── Dataset excerpt ──

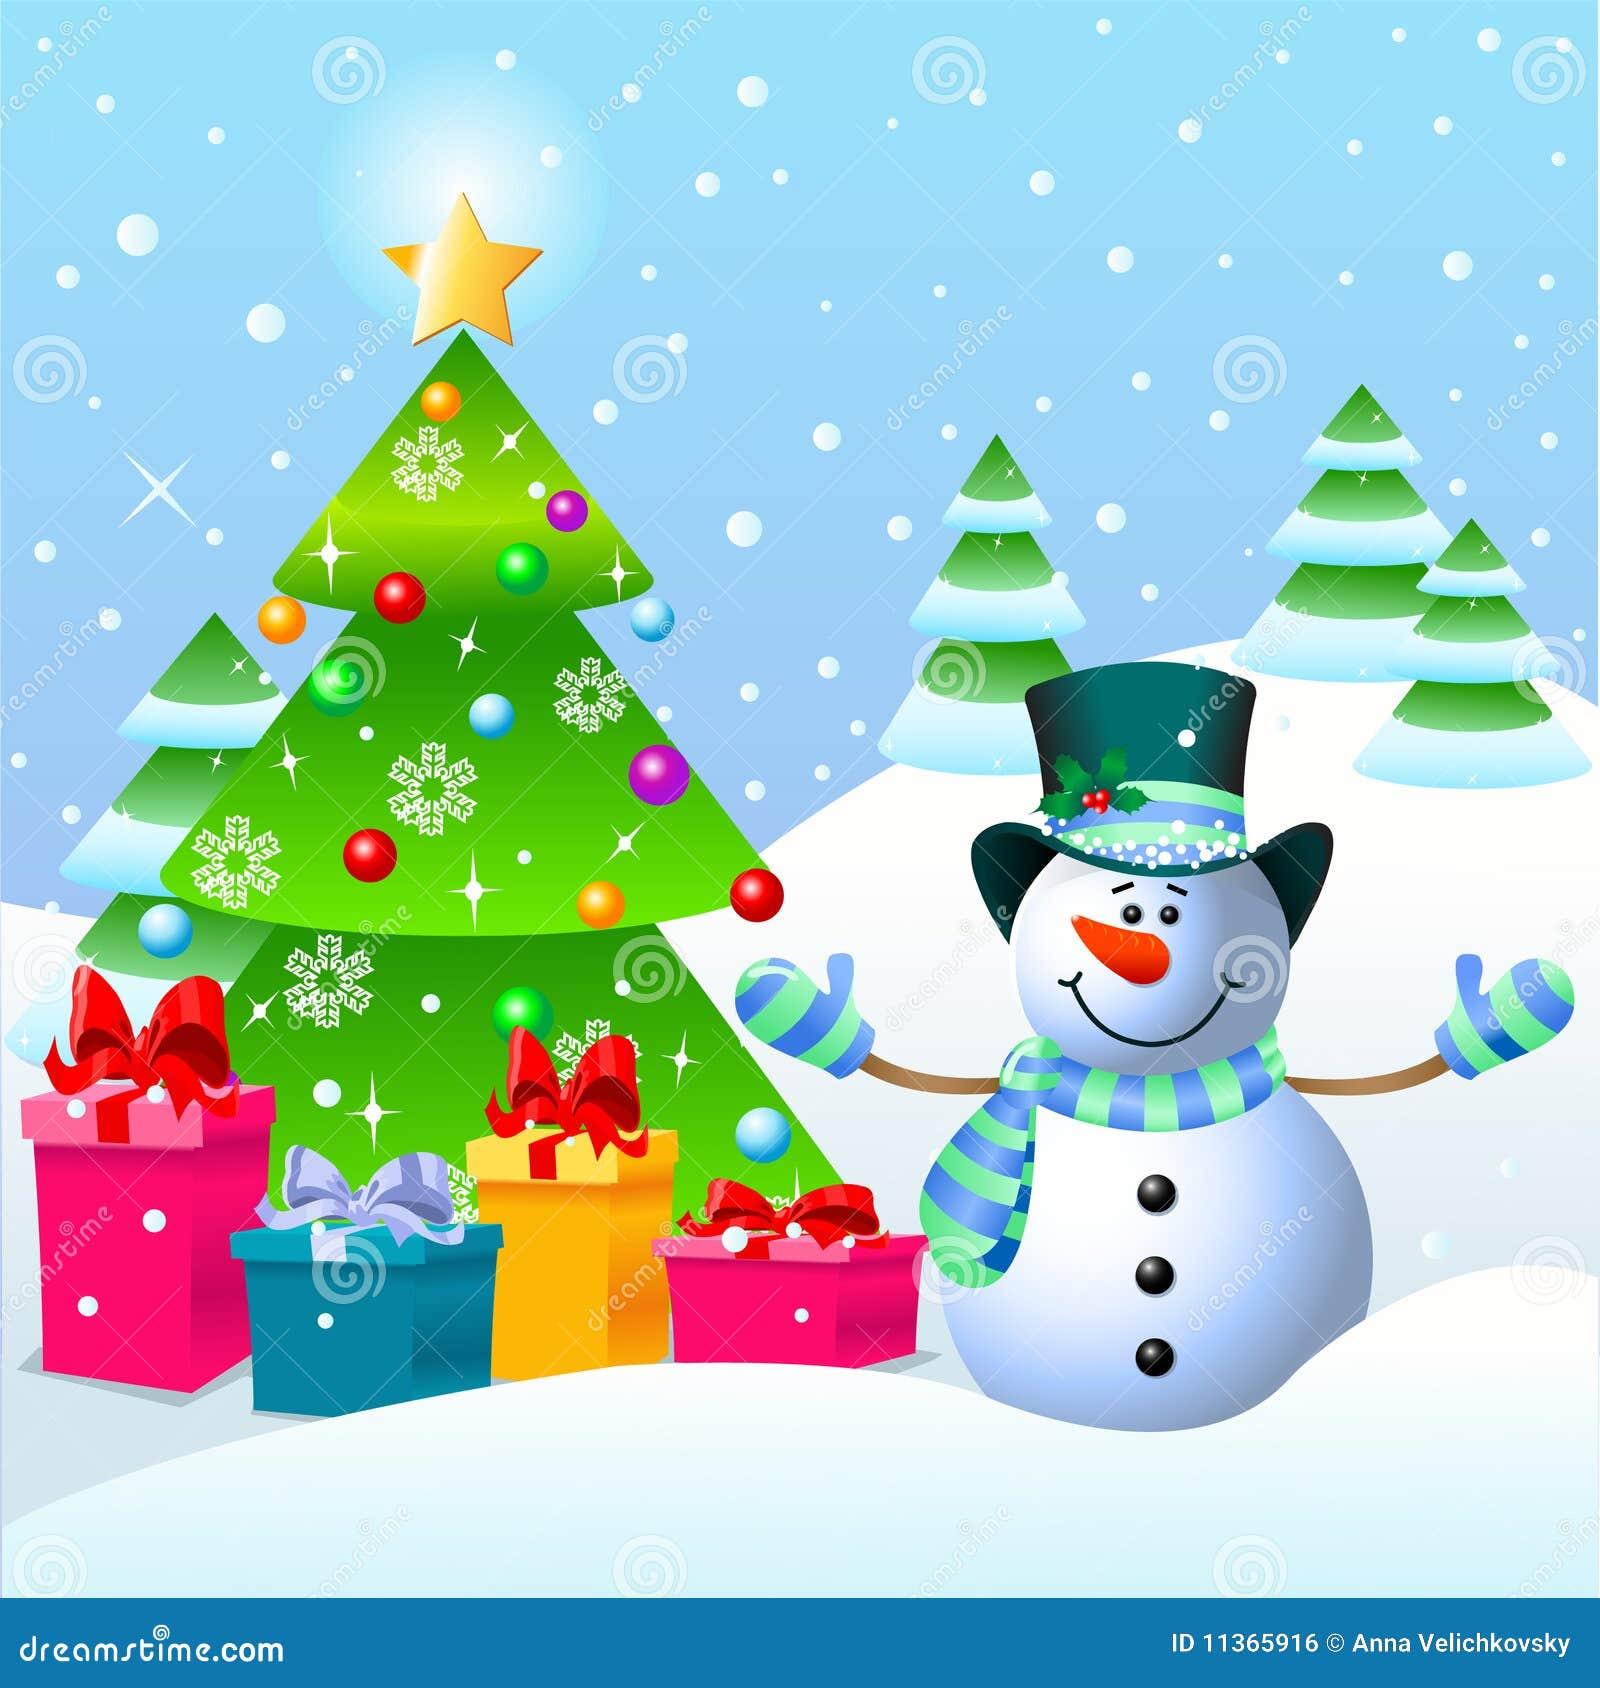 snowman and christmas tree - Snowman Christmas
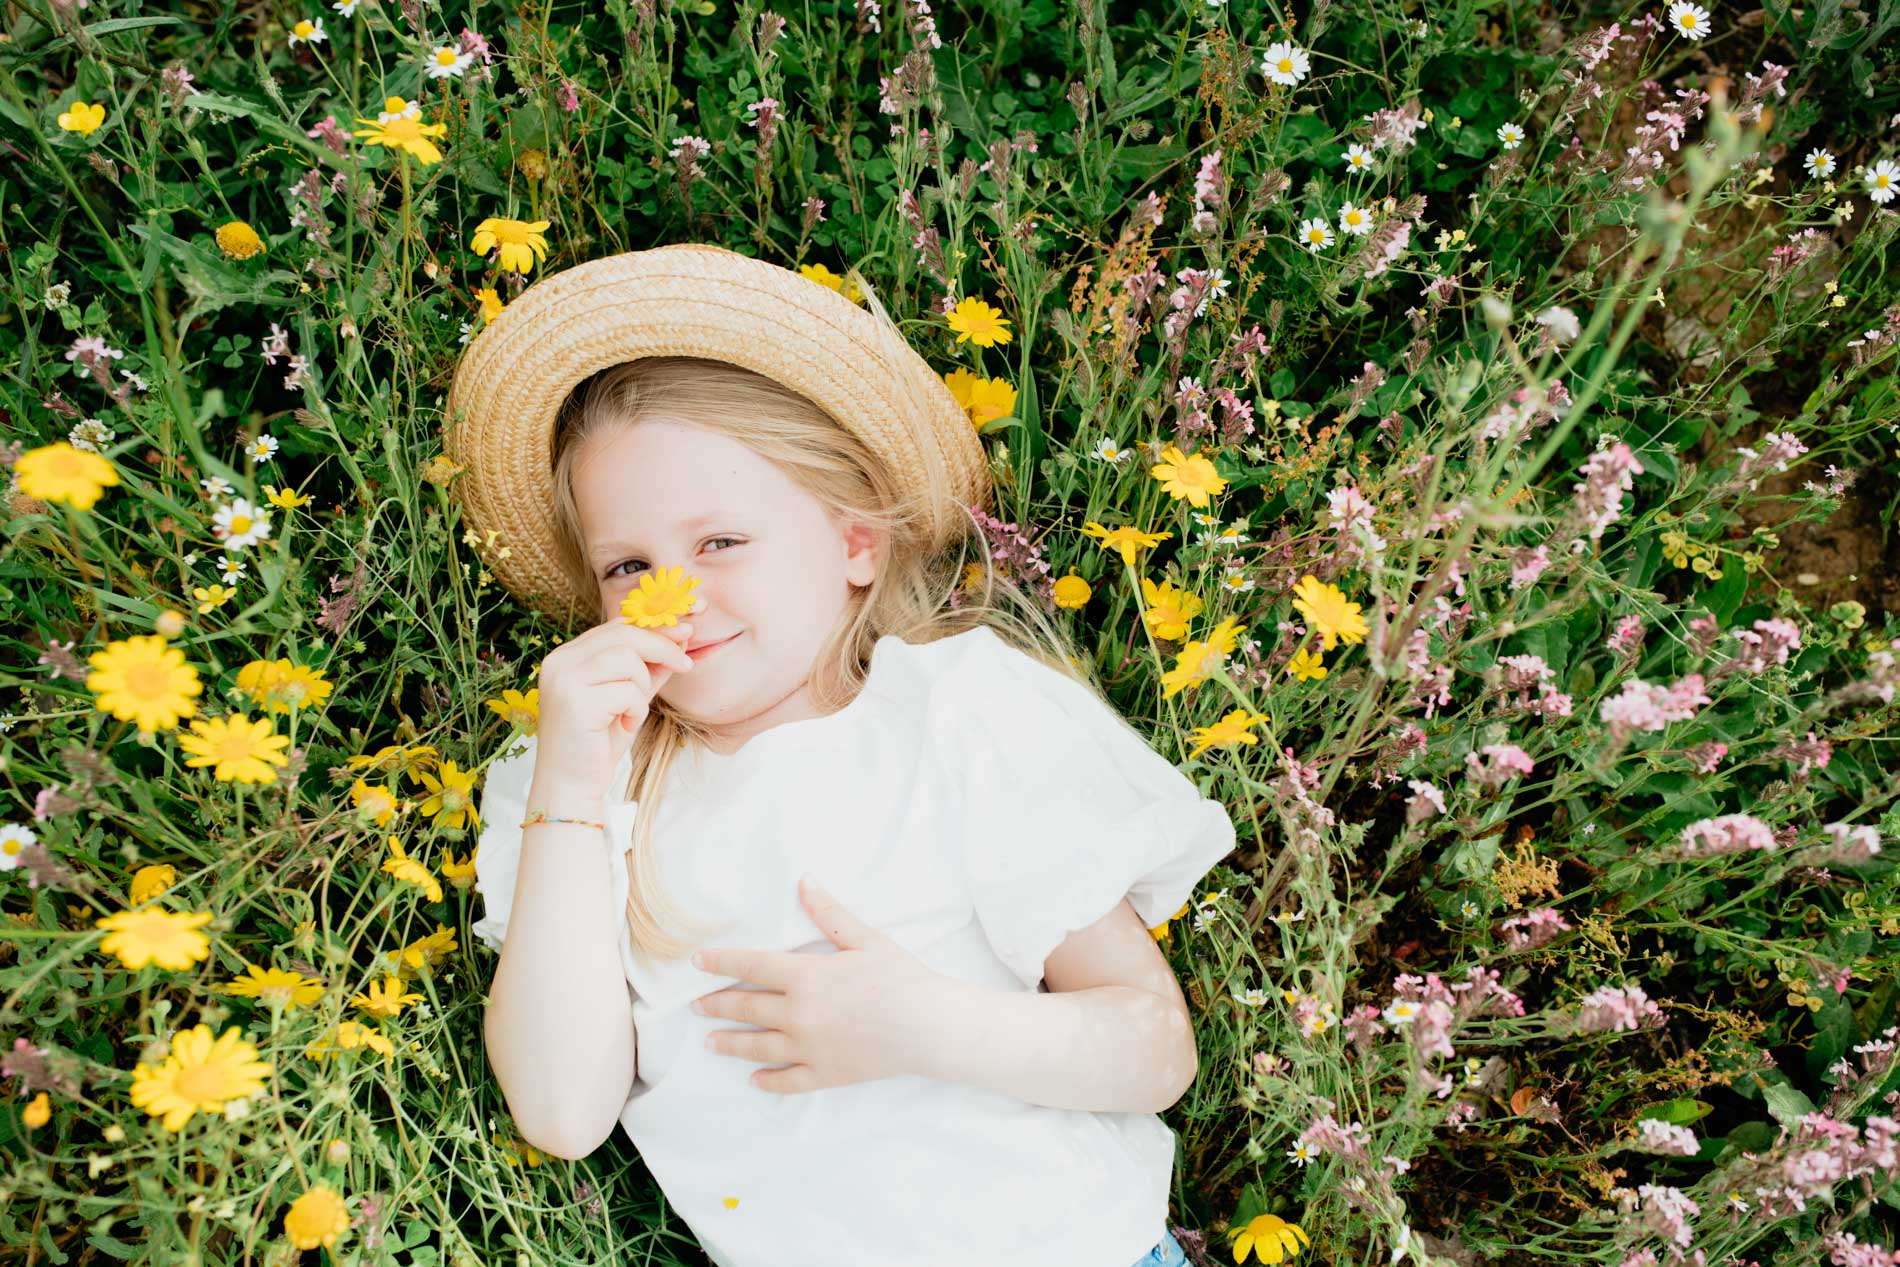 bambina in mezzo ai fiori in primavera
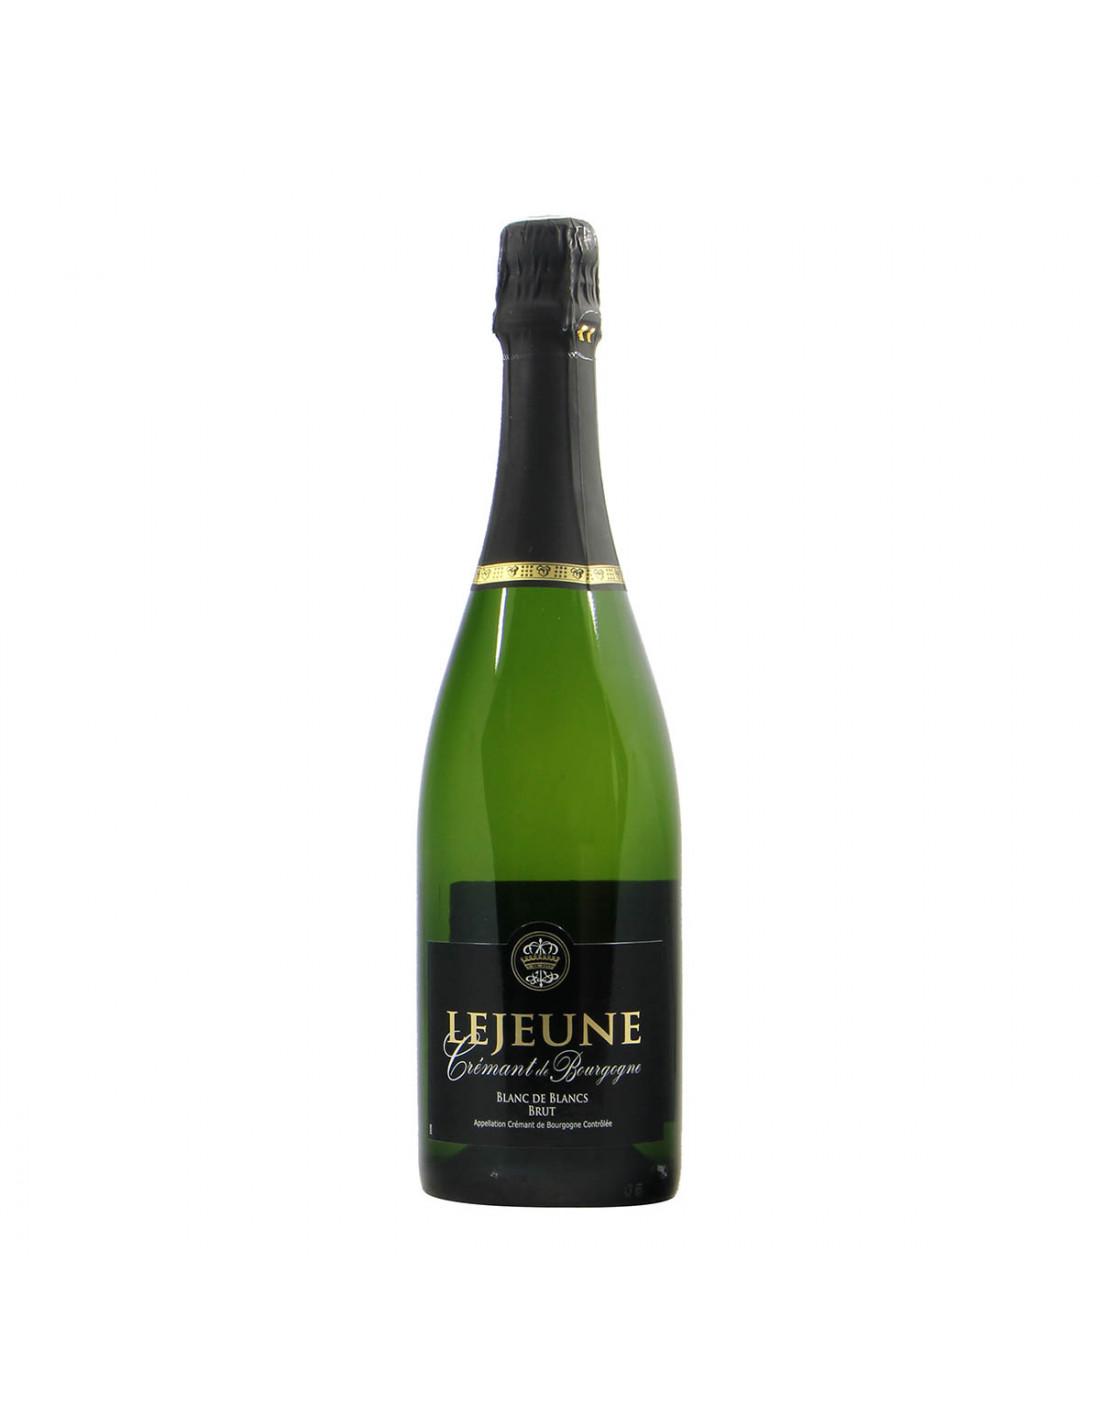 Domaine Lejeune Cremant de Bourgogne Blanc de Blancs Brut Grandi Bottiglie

───

**What you have to do:** Beginning with the line that holds "bambina in mezzo ai fiori in primavera", extract every line to the end of the material, exactly as it stands, and drop the pictures.

**Expected answer:**
 bambina in mezzo ai fiori in primavera
 Domaine Lejeune Cremant de Bourgogne Blanc de Blancs Brut Grandi Bottiglie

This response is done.